The “call no man father” issue has been addressed many times. Jesus is using hyperbole; he obviously doesn’t mean you cannot call
no man “father,” else you couldn’t refer to your mother’s husband as “father” – but no one thinks Jesus meant that.
In the very next verse, Jesus says to call no one “teacher.” Yet plenty of Protestants are fine addressing their pastors as “Dr. such and such” – the word doctor comes from the Latin word meaning teacher. But we know there is nothing wrong with calling someone “teacher,” for teachers have a role in the church:
“God has appointed in the church first apostles, second prophets, third
teachers” (1 Cor. 12:28)
Likewise, there are true fathers in the Church.
The fatherhood of the pope, like all bishops and priests, is s spiritual fatherhood. Paul says to the Corinthians: For though you have countless guides in Christ, you do not have many fathers.
For I became your father in Christ Jesus through the gospel" (1 Cor. 4:14–15).

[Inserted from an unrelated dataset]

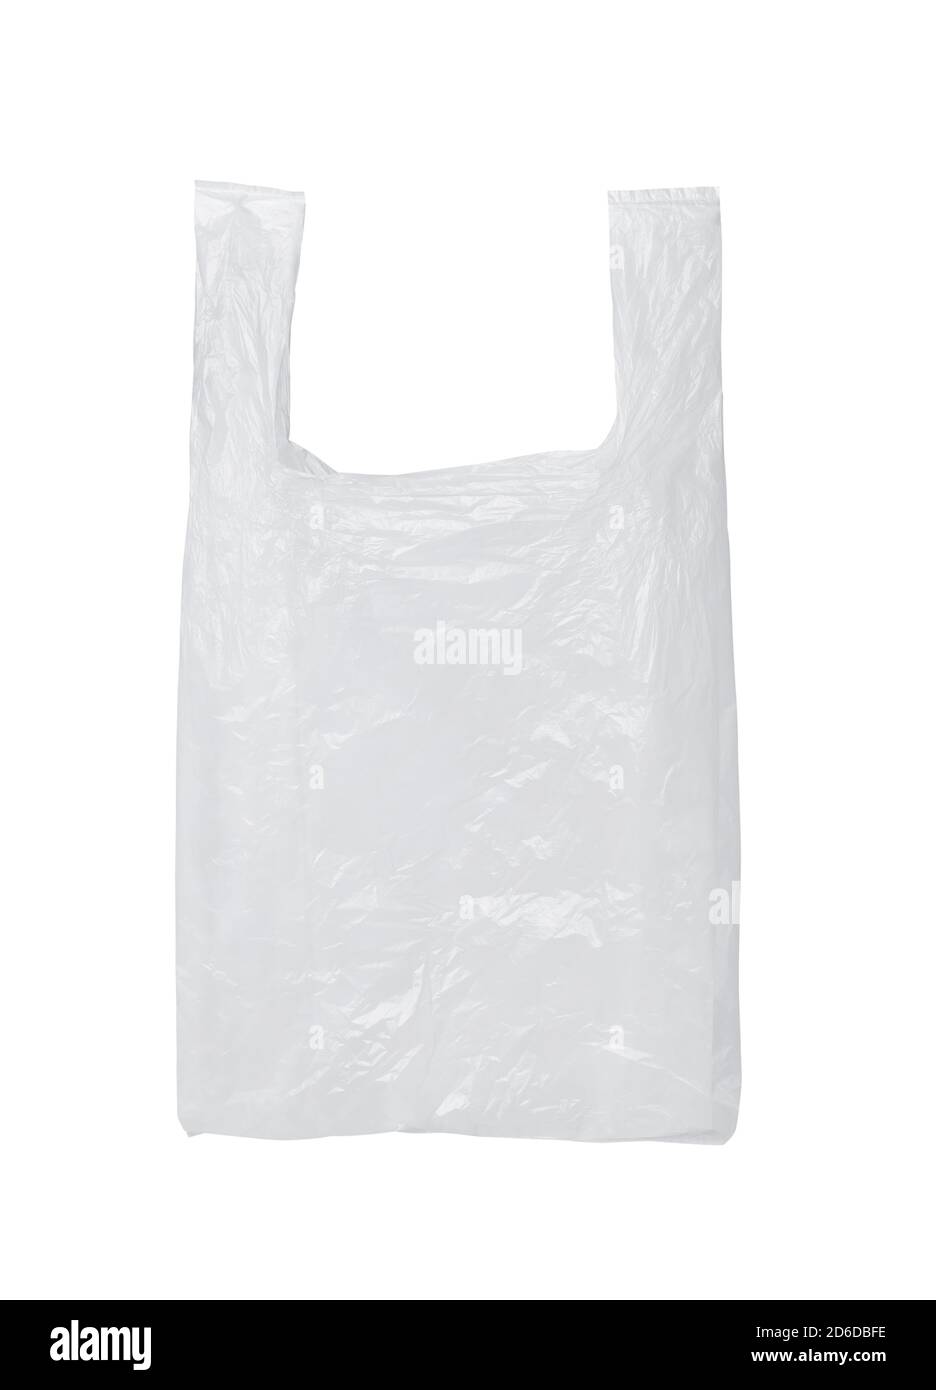 Premium Vector  Plastic bag transparent. clear pouch isolated. blank transparent  bag set with bopp package and ziplock packaging pocket. realistic empty  polypropylene bags with euro suspension for retail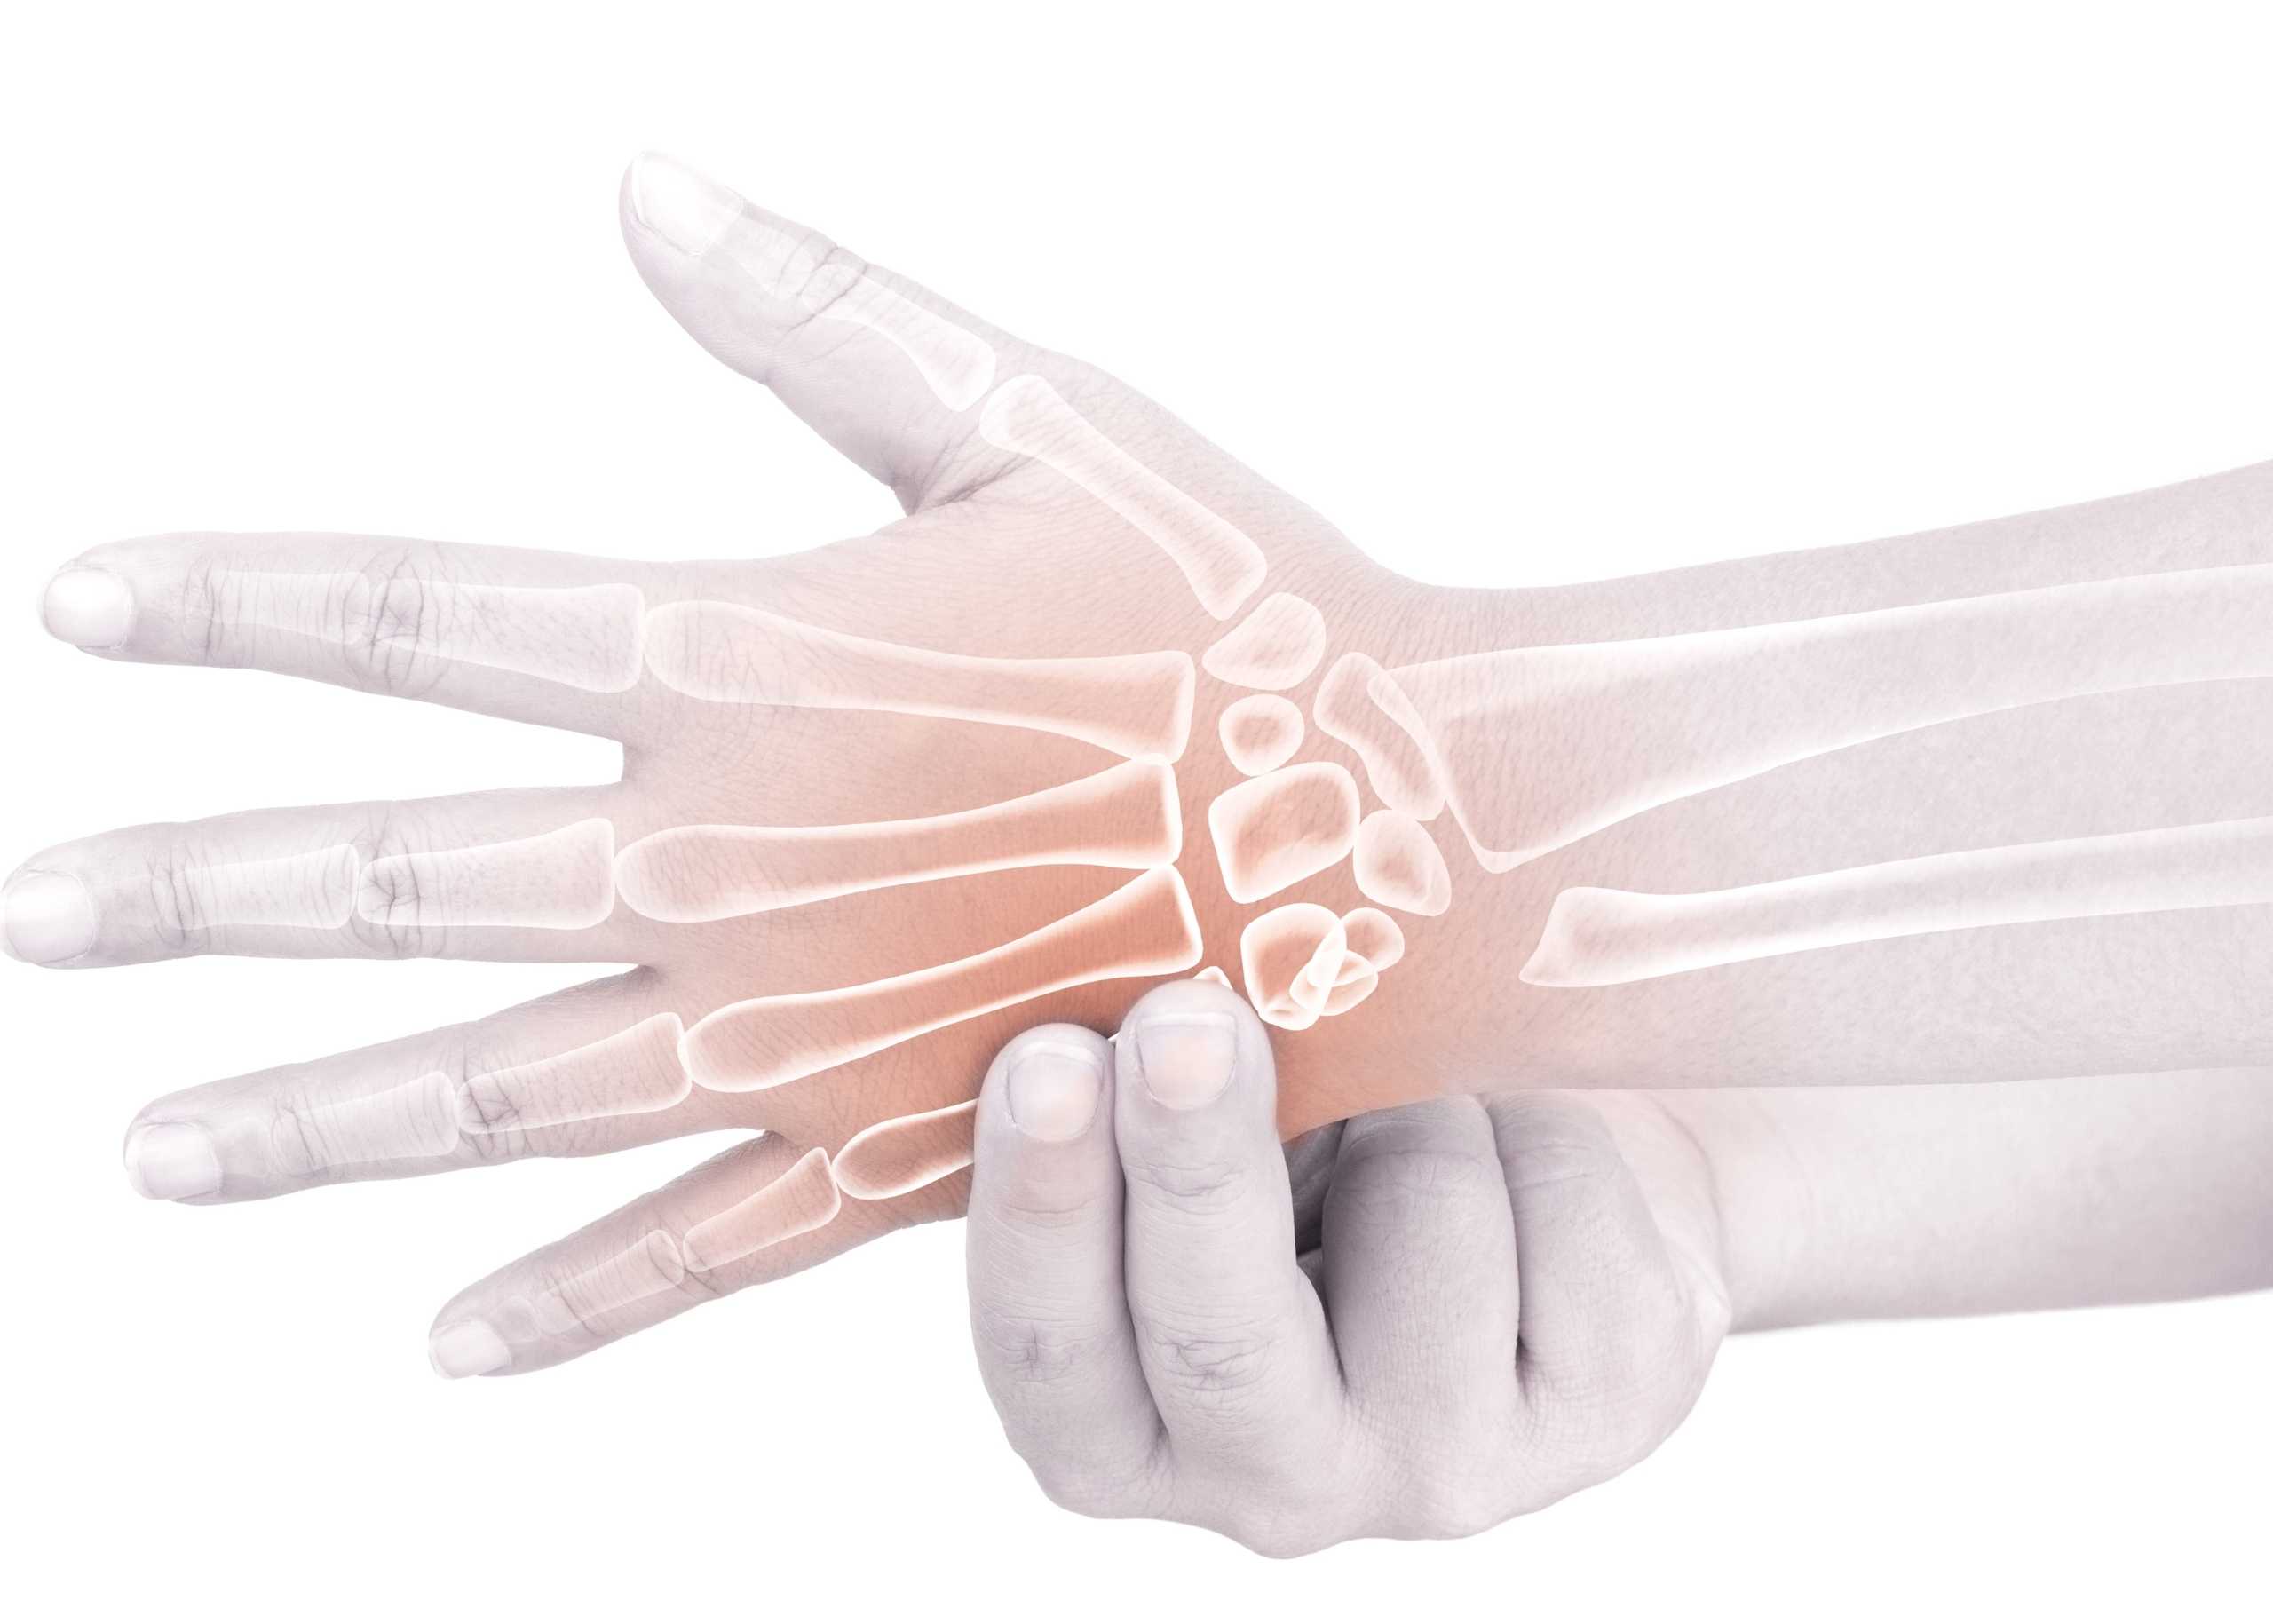 Hand Fracture – Signs, Symptoms, and Treatment

Spiritual fatherhood on the part of the Apostles is clear throughout the New Testament:
Paul tells Timothy:“To Timothy,
my true child in the faith: grace, mercy, and peace from God the Father and Christ Jesus our Lord” (1 Tim 1:2).
So unless you have a specific objection to the kind of fatherhood that the Pope has, then using this Scriptural citation to negate spiritual fatherhood does not work.
And to your other point, yes purely human power can corrupt. There have been many scandals on the part of popes who have embraced temporal concerns over the eternal concerns of Christ. But popes are mere men who retain their free will – they too can choose evil. Thankfully, the vast majority of popes have been saintly men who have worked to accomplish the will of God.
Nevertheless, the Church was not built by men. It is not purely or merely human. Christ says “
I will build my church.” And he continues by saying the gates of hell shall not prevail against it! This is the word of the Holy Spirit. And one tool Christ meant for his church to ensure its foundation of unity and belief is the role of Peter, whom Christ charged to “feed” his “sheep.” He prayed for Peter’s faith so that he could confirm his own brothers in the faith.
Peter’s very name was changed; and in the Bible, name changes signify something about the role of the person. Like Abram to Abraham. Peter is the “rock” on which Christ builds
his church.
When he says to Peter I will give you the “Keys of the Kingdom,” Christ echoes the words of Isaiah 22, which pointed to the role of the chief steward in the House of David, who served under the king and yet served as a leading figure with the “keys”:As can be seen in Isaiah 22:22, kings in the Old Testament appointed a chief steward to serve under them in a position of great authority to rule over the inhabitants of the kingdom. Jesus quotes almost verbatum from this passage in Isaiah, and so it is clear what he has in mind. He is raising Peter up as a father figure to the household of faith (Is. 22:21), to lead them and guide the flock (John 21:15-17). This authority of the prime minister under the king was passed on from one man to another down through the ages by the giving of the keys, which were worn on the shoulder as a sign of authority. Likewise, the authority of Peter has been passed down for 2000 years by means of the papacy.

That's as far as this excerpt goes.